■ 天涯のミルフィーユ 1

「やあやあエルネスタ、待ち草臥れたよ! と言ったところで僕ァはご覧の通りの暇人だから、気にしてくれなくて構わないんだけどねぇ!」
 これで当人的には嫌味でも自虐でもないというのだから、なんともやりにくい。
 ハッハッハとおどけた笑いを吐き出す口元の、その上。仮面の奥にあるだろう彼の瞳が本当に笑っているのかどうなのかなんて、私にはまるでわからない。

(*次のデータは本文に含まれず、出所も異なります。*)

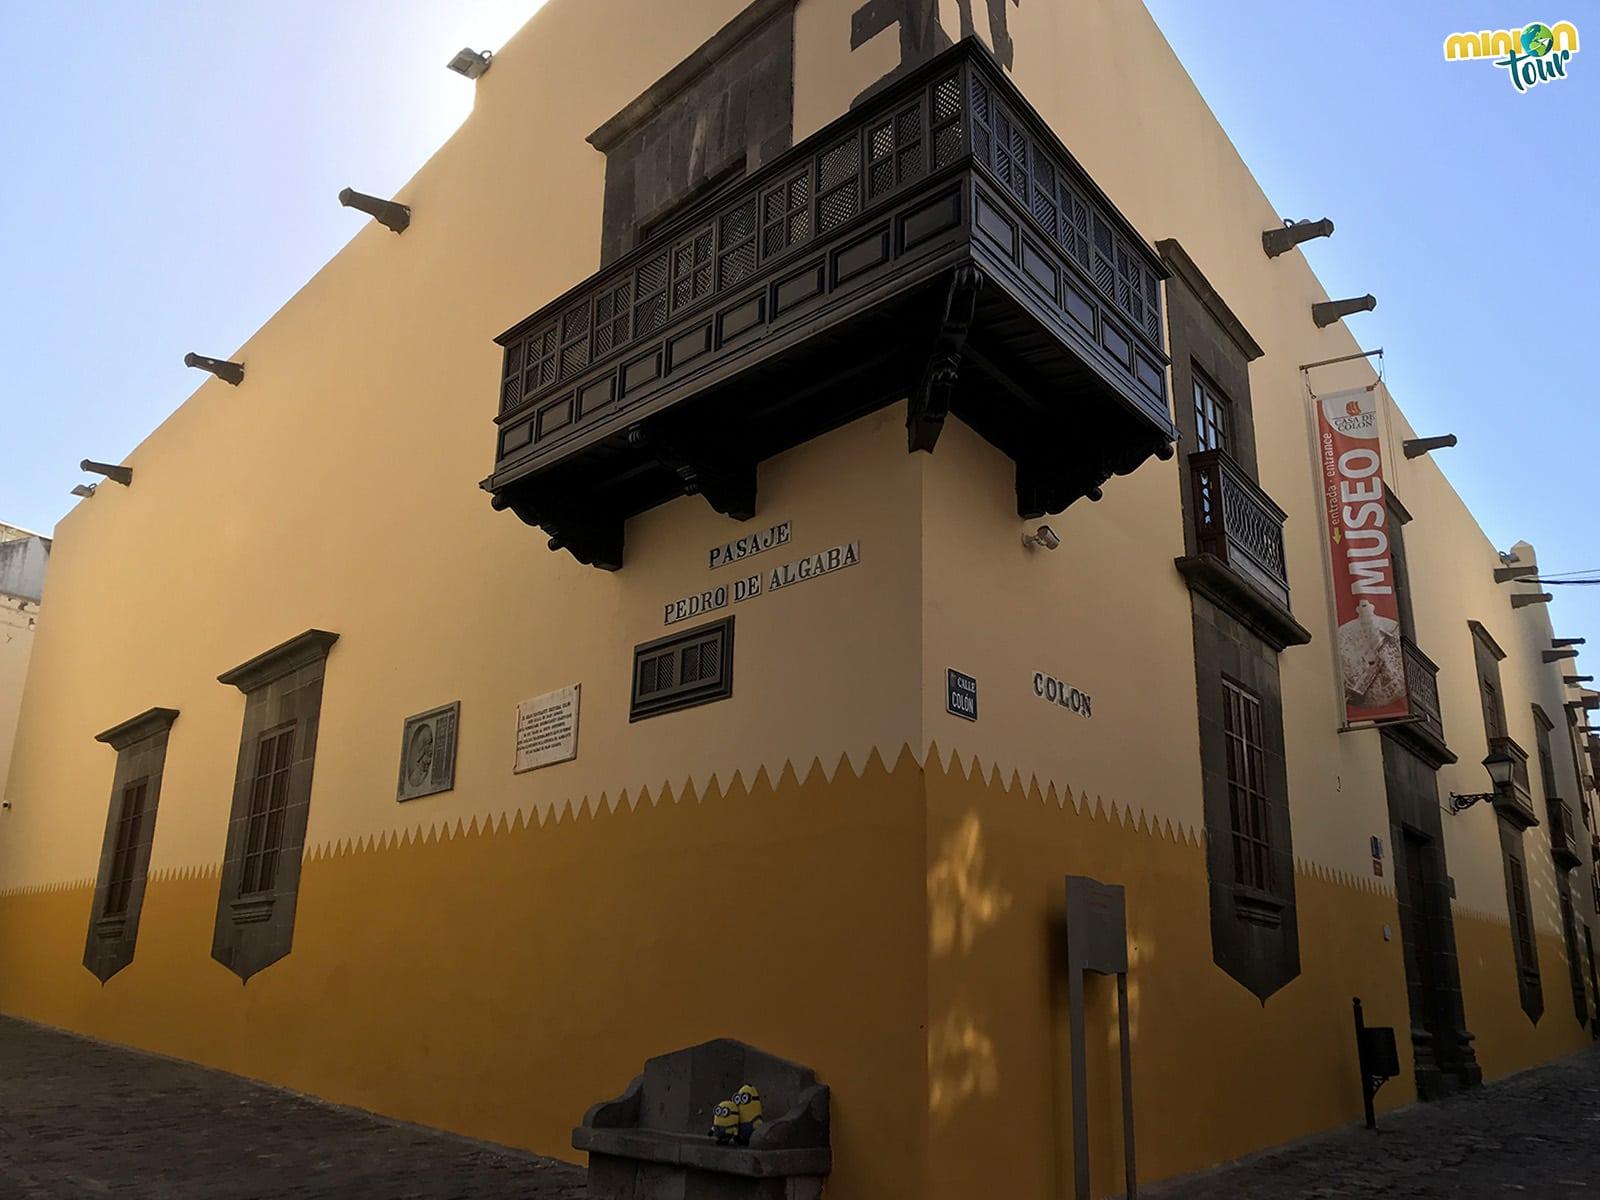 Un pasaje con encanto que ver en Vegueta

 但し、今ここで私がぴきりと音を立てて硬直した理由は、その仮面の下の表情を推し量ってとかそういう事ではなかった。この非日常が集うHLの中でもとびっきりに要注意な堕落王フェムト様を待たせてしまったのなら、まあそれはそれでヤバいことではあるのだけれど、ある意味"今更"と済ませられる程度のことだ。とはいえ……この超人気店であり超超超ハイランク、一般人なんて逆立ちどころか全財産投げ打ってもコネなしには立ち入れないようなこのハイグレードレストランであるモルツォグァッツァに対してまさかの大遅刻!というのは非常まずい。実にいただけない。しかも多大なるご迷惑をおかけしていた癖に、その事実にも気付かずにのうのうとエスコートされていたなんて、そんな、そんな、なんて罪深い!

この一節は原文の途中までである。